Standard Fields: @timestamp, @level, @message for CloudWatch compatibility
Nested Groups: Group related fields (request., response., user., error.) for logical organization
Tracing Integration: Include tracing.trace_id and tracing.span_id for correlation
Field Limiting: Recursively count fields and strip non-essential data if > 900 fields

Decision 4: Hybrid Local + Cloud Architecture

Rationale:

Development Experience: Local Jaeger and Prometheus for fast debugging without cloud dependencies
Cost Management: Grafana Cloud free tier (10K metrics, 50GB logs/month) adequate for small teams
Production Reliability: AWS CloudWatch for production logs with guaranteed SLA
Flexibility: Easy to switch between local and cloud based on environment

Environment Configuration:

Development:
  - OTLP Collector: Docker Compose service (otel-collector:4317)
  - Jaeger UI: localhost:16686
  - Prometheus: localhost:9090
  - Logs: Console output (JSON formatted)

Production (AWS ECS):
  - OTLP Collector: Sidecar container (localhost:4317)
  - Traces: Exported to Grafana Cloud via OTLP Collector
  - Metrics: Exported to Grafana Cloud Mimir + CloudWatch (for AWS alarms)
  - Logs: CloudWatch Logs (via awslogs driver)
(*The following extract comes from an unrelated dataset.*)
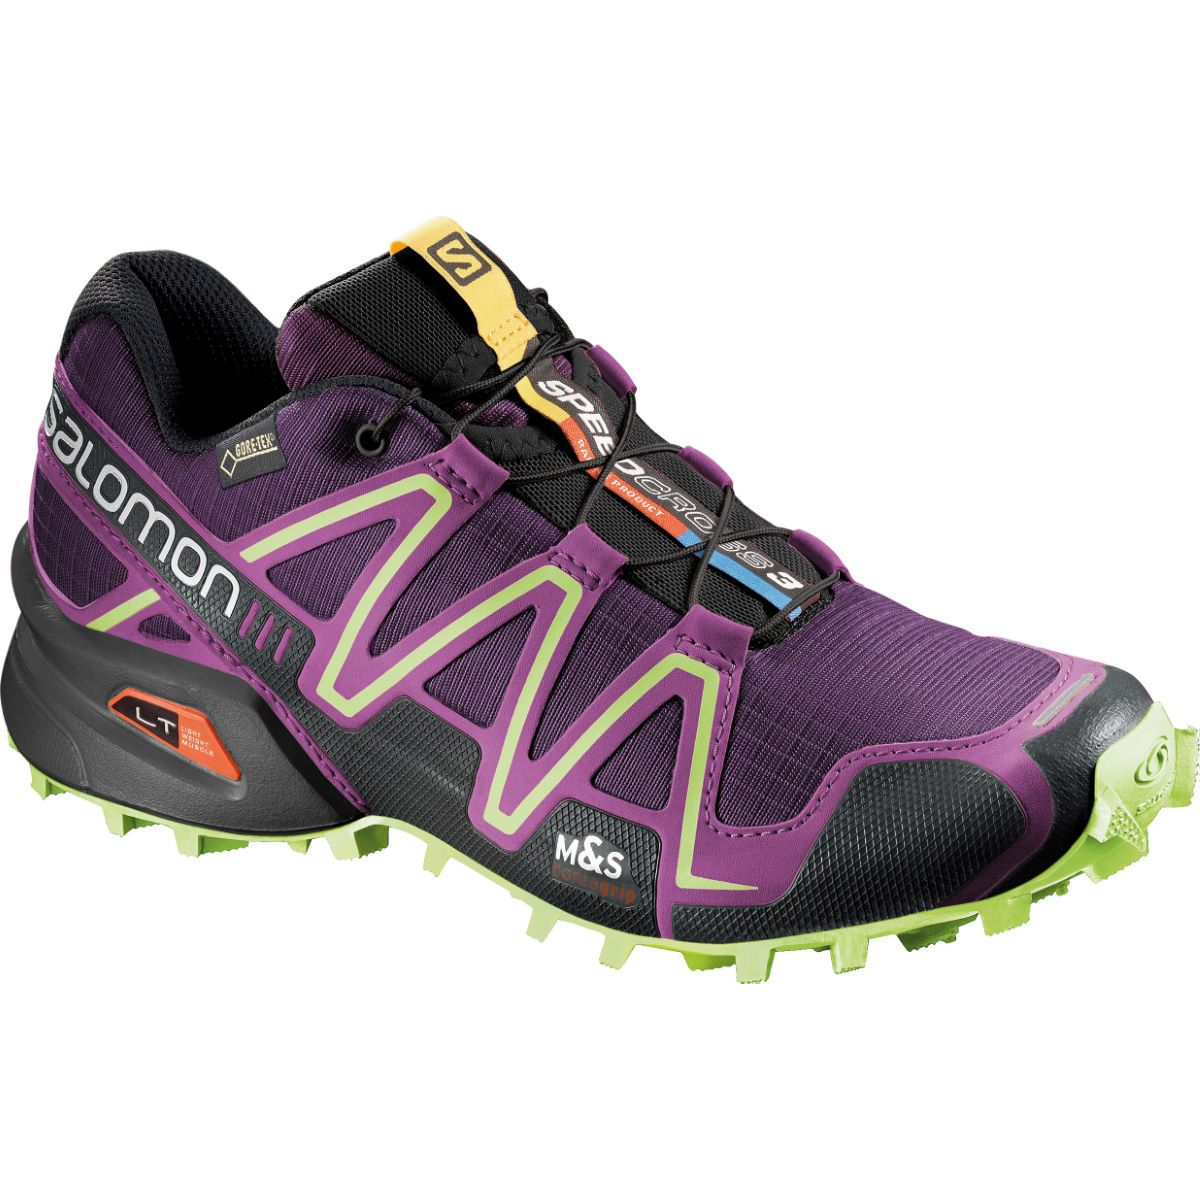 Salomon Speedcross 3 GTX Lady Purple/Black/Yellow Trail Running Shoessalomon xasalomon skis Colorful And Fashion Forward

Decision 5: Auto-Instrumentation First

Rationale:

Minimal Code Changes: FastAPI, HTTPX, Requests, psycopg2 automatically instrumented
Comprehensive Coverage: All HTTP requests, external calls, and database queries traced
Consistent Naming: OpenTelemetry semantic conventions ensure consistent span naming
Performance: Batch span processing minimizes overhead

Instrumented Components:

FastAPI: All endpoints automatically create spans with HTTP semantic conventions
HTTPX: Inter-service calls automatically propagate trace context
Requests: External API calls traced with HTTP attributes
psycopg2: Database queries traced with SQL attributes (if PostgreSQL is used)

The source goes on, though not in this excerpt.